And the eyes snapped open and stared straight into Pascoe’s, bright and tearless.
“Just because tha gave me the kiss of life doesn’t mean we’re bloody engaged!”
Now the great mouth opened wide to let out a bellow of laughter so strong Pascoe felt himself blasted upright.
“You rotten bugger,” he said. “Oh you rotten bugger!”
Grinning broadly he made for the door.
The two women, attracted by the sudden outburst within, greeted him anxiously.
“Is he all right?” asked Ellie.
“I’m afraid so,” said Pascoe. “Well, look who’s here.”
Along the corridor, moving on a pair of crutches with a strange crablike motion, came Hector. Tucked into the neck of his T-shirt was a bunch of lilies whose pollen had redistributed itself generously across his gaunt features, giving him the appearance of a man who had just died of some rare form of jaundice.
“How’re you doing, Hec?” inquired Pascoe.
“Fine, thank you, sir. How’s Mr. Dalziel? Can I go in to see him?”
Cap had begun to say, “No, he’s resting…” when Pascoe stepped in front of her and opened the door.
“Mr. Dalziel’s fine,” he said. “And he’d love to see you. In you go, Hec.”
The constable hopped sideways through the door which Pascoe closed gently after him. There was a moment’s silence then came a crash, presumably as Hector dropped one of his crutches in order to extract his bouquet, then a dull thud, presumably as he fell across the bed, followed by a great cry of shock or rage or pain.
“Why did you let Hector in?” asked Ellie curiously as they left the hospital.
“Why not?” asked Pascoe gaily. “After all, in a way it was them two that started it all. Only fitting that they should bring it to an end, don’t you think?”

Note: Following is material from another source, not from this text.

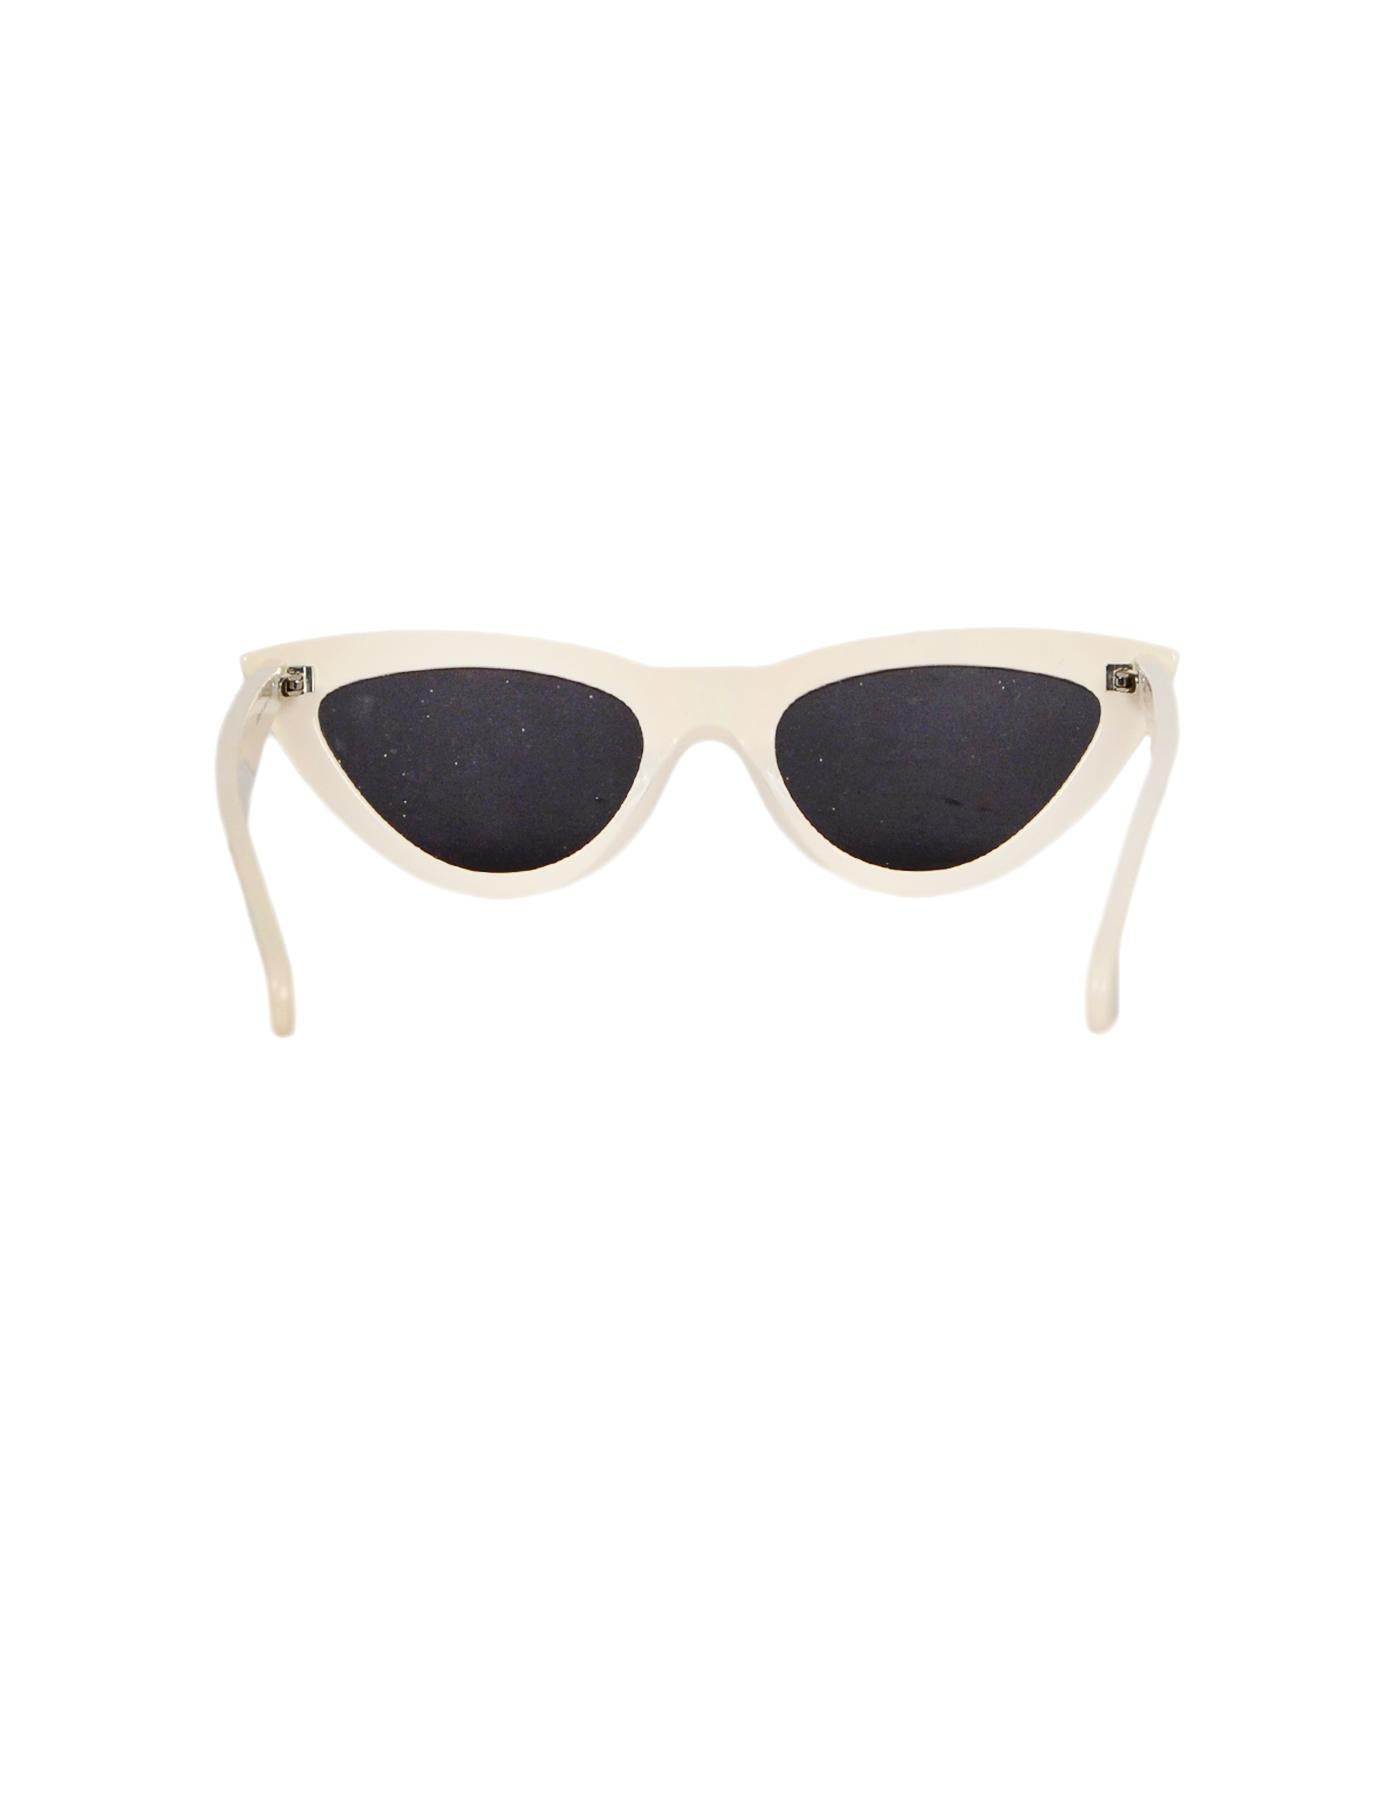 Celine White Cat Eye Sunglasses Sale Online, 60% OFF | www ...

“Yes,” agreed Ellie, returning his smile. “The end. Only fitting. Now let’s go home.”
2
REALLY THE END
But it wasn’t really the end.
The following sunny Sunday Pascoe and Rosie and Tig had gone for a walk to a favorite spot by the river where Tig could swim, Rosie could paddle, and Pascoe could lie in a green shade and think thoughts of whatever color he pleased. Ellie had excused herself on the grounds of a woman’s work never being done.
This was true, but the work in question was not in fact the implied mountain of ironing, it was work on her novel, which had reached a sticky patch.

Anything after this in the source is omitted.